[Given data Boundary: Start]
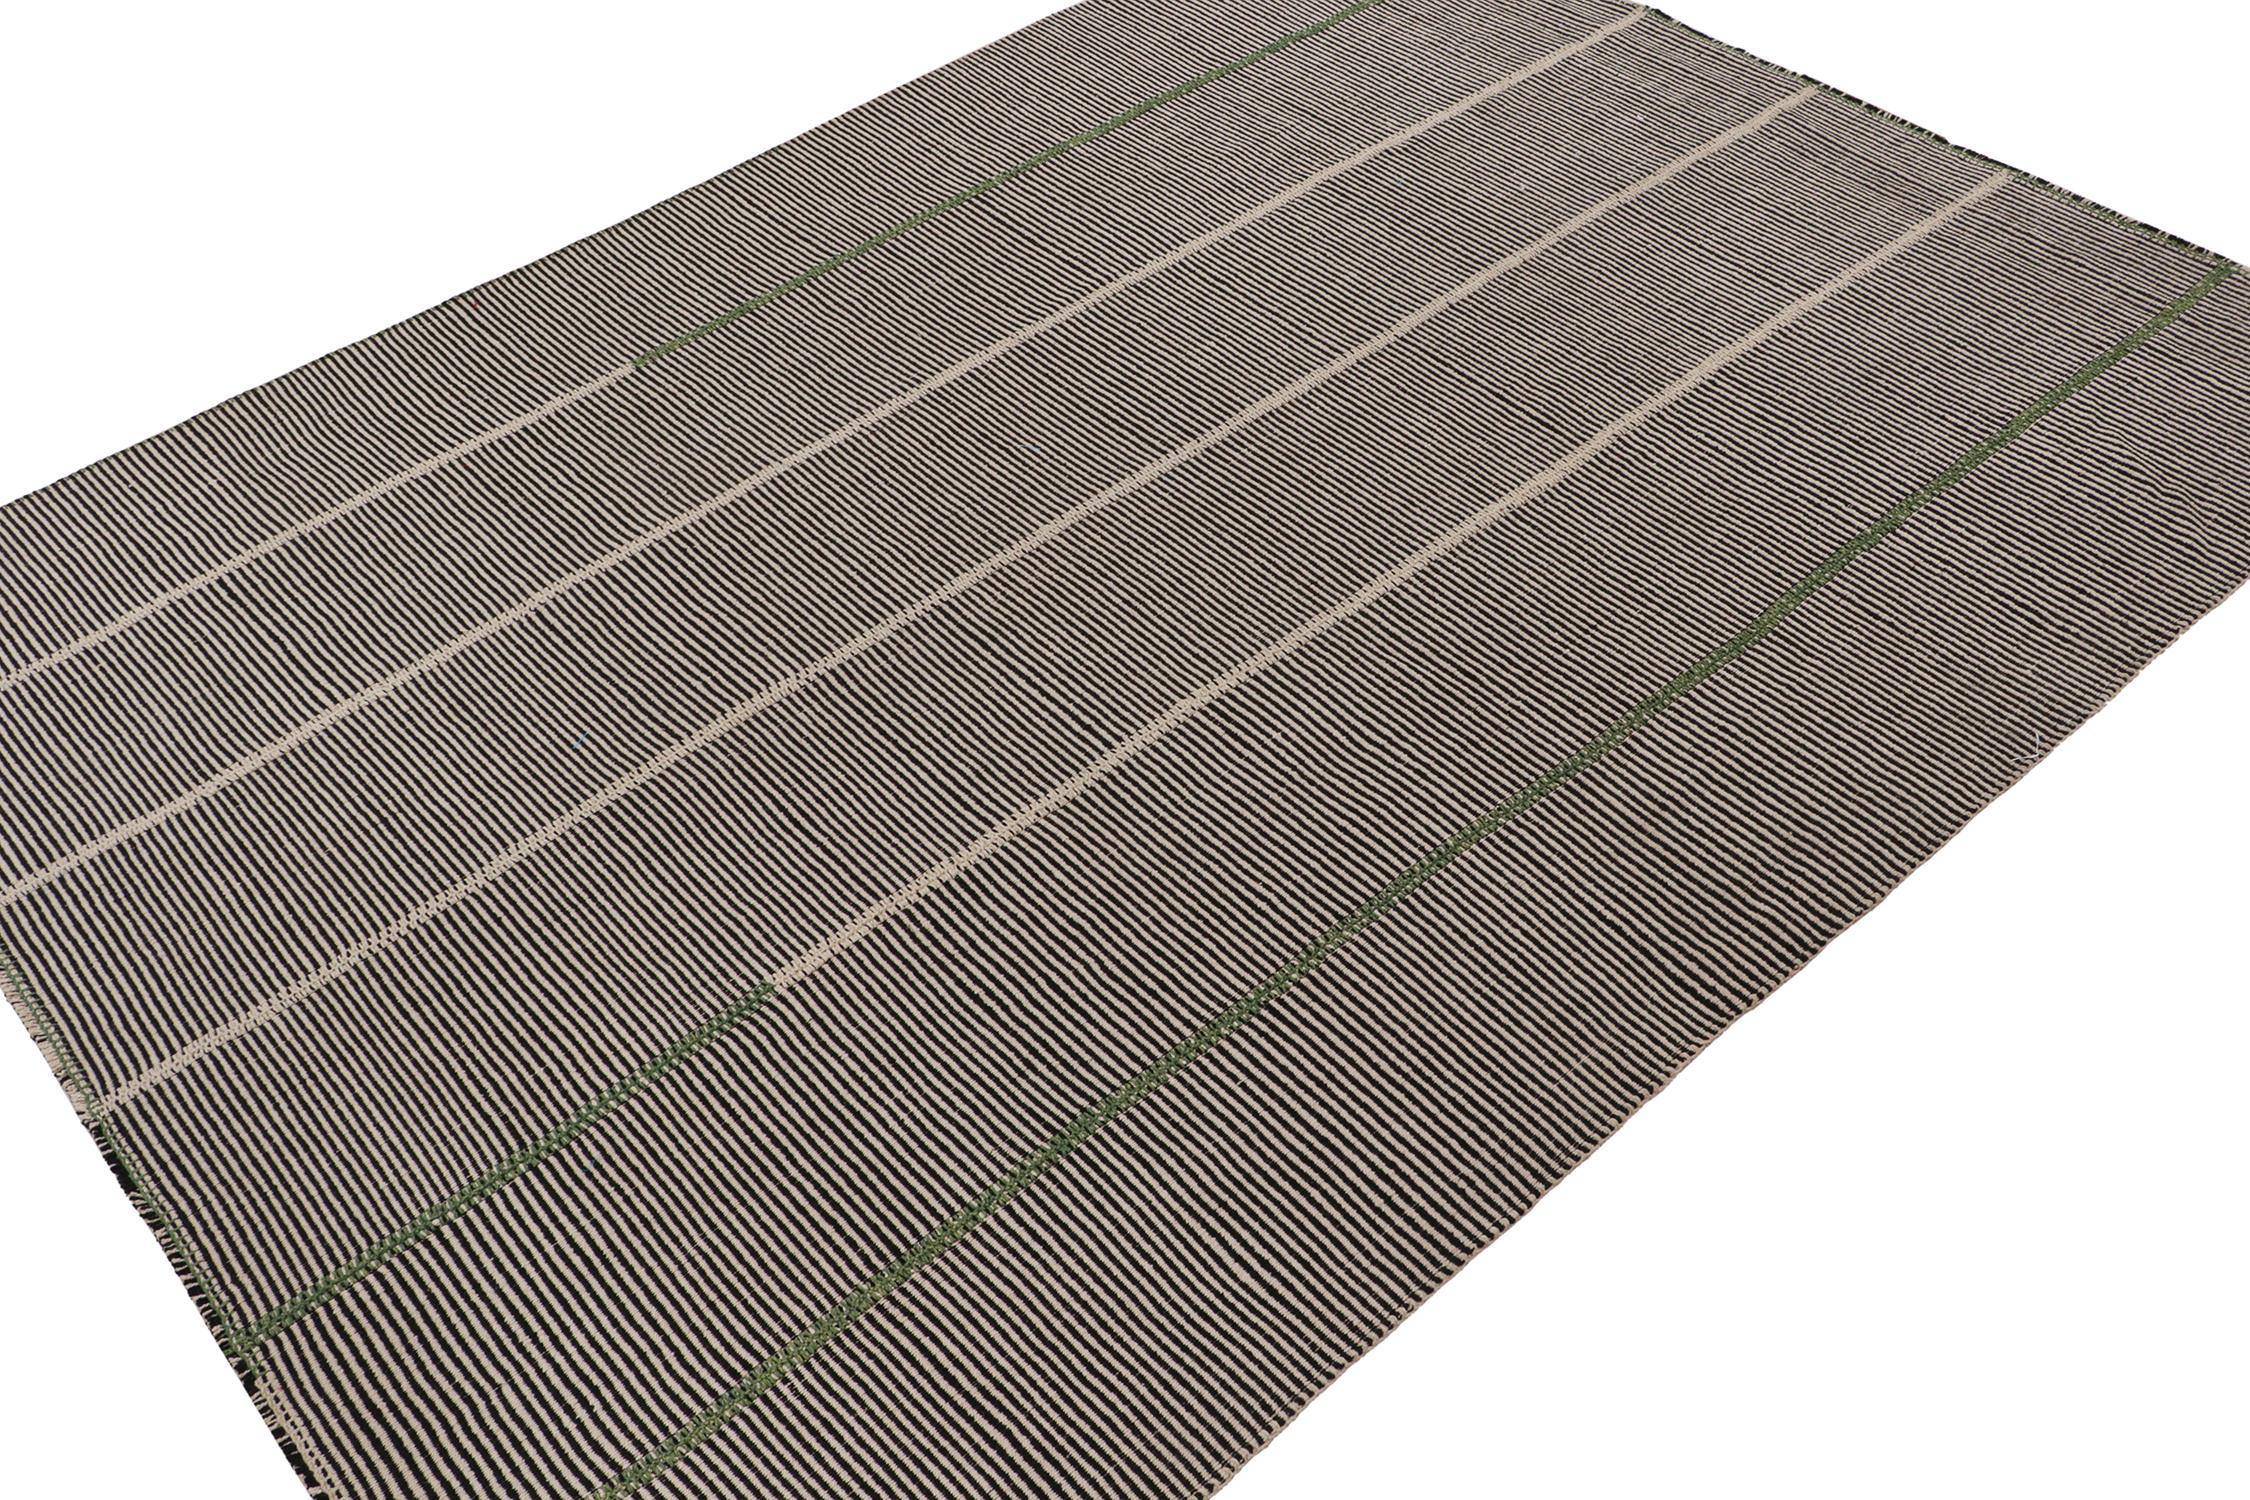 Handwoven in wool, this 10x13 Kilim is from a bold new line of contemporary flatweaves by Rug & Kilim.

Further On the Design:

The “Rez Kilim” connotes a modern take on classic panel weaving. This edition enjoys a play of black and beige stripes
[Given data Boundary: End]
# Prompt:
When copying the listing, print each line exactly but leave out every picture.

# Answer for the task:
 Handwoven in wool, this 10x13 Kilim is from a bold new line of contemporary flatweaves by Rug & Kilim.

Further On the Design:

The “Rez Kilim” connotes a modern take on classic panel weaving. This edition enjoys a play of black and beige stripes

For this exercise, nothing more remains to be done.